Based on the results, the XGBoost model shows slightly superior performance. Therefore, we will save the two XGBoost models in the `models/` folder.

In [9]:
heating_model_path = os.path.join(MODELS_DIR, 'xgb_heating_load_model.joblib')
cooling_model_path = os.path.join(MODELS_DIR, 'xgb_cooling_load_model.joblib')

joblib.dump(xgb_model_h, heating_model_path)
joblib.dump(xgb_model_c, cooling_model_path)

print(f"Model for Heating Load saved at: {heating_model_path}")
print(f"Model for Cooling Load saved at: {cooling_model_path}")

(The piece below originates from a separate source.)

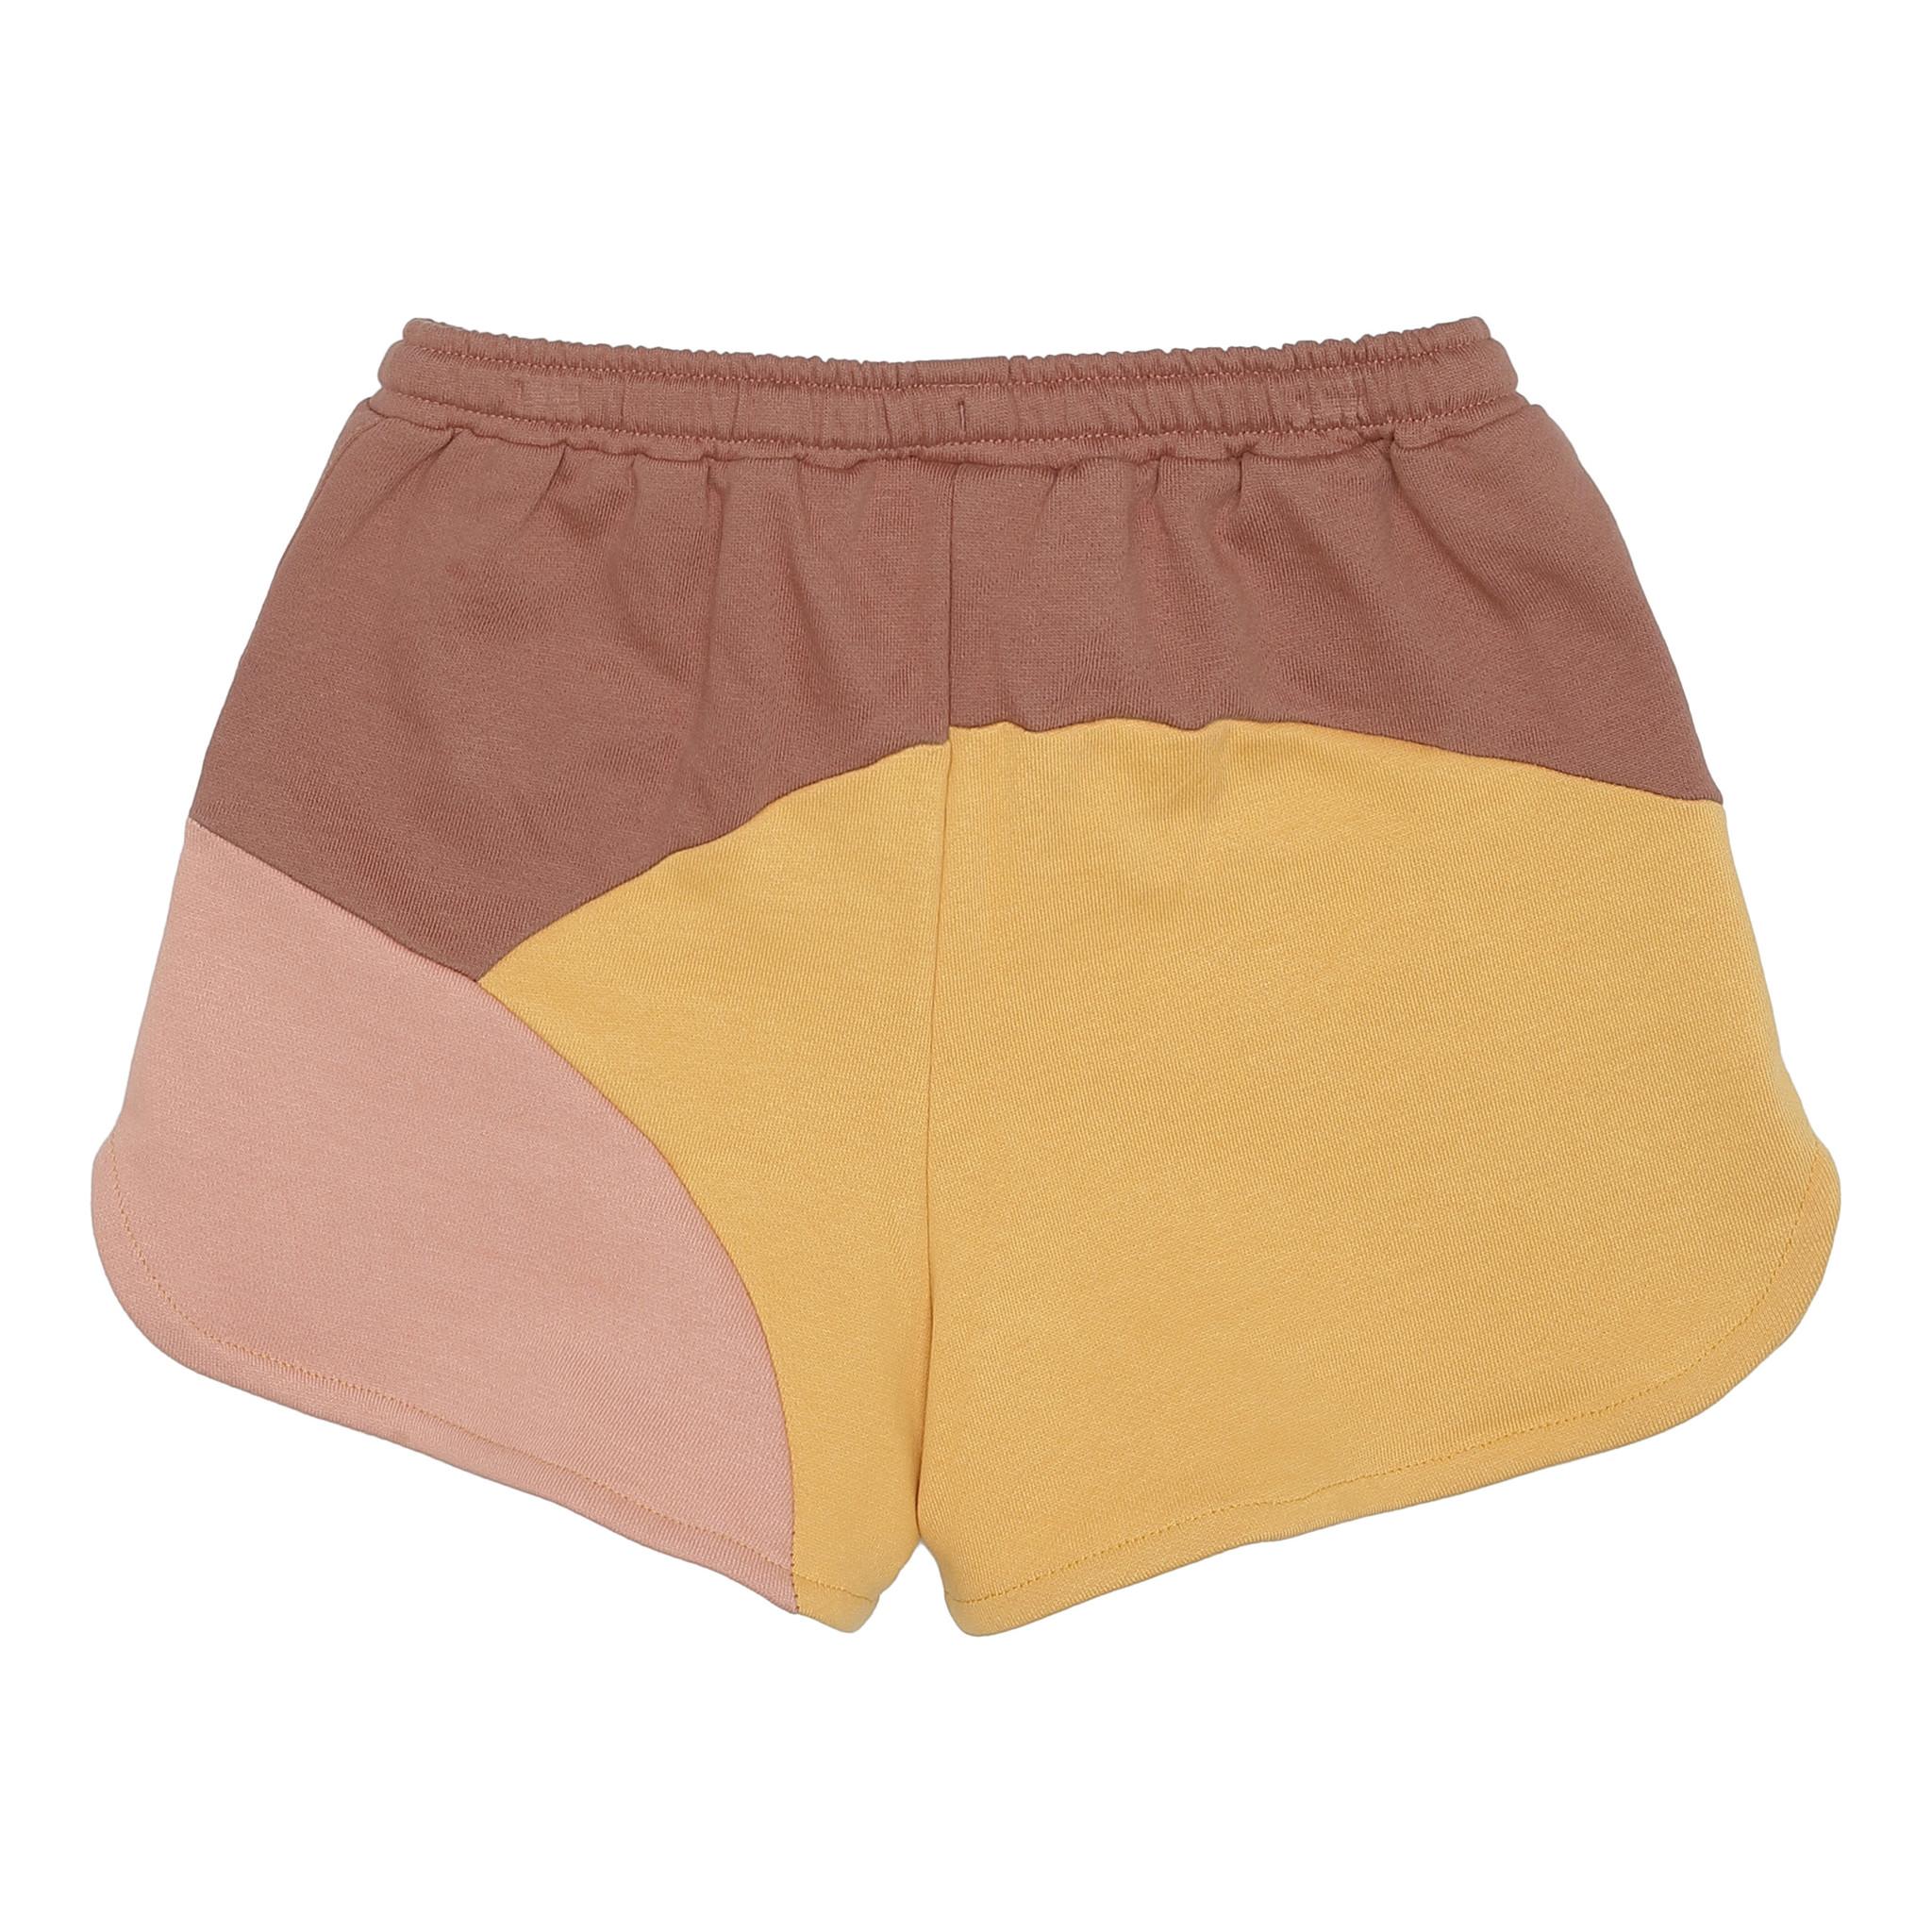 Paris shorts - Scenery Girl-3

Model for Heating Load saved at: ../models/xgb_heating_load_model.joblib
Model for Cooling Load saved at: ../models/xgb_cooling_load_model.joblib


## 7. Conclusion

In this notebook, we have successfully trained and evaluated the RandomForest and XGBoost models.

The **XGBoost** model proved to be the slightly best performer for both tasks. The winning models have been saved and are ready to be used in the next steps of the MLOps cycle.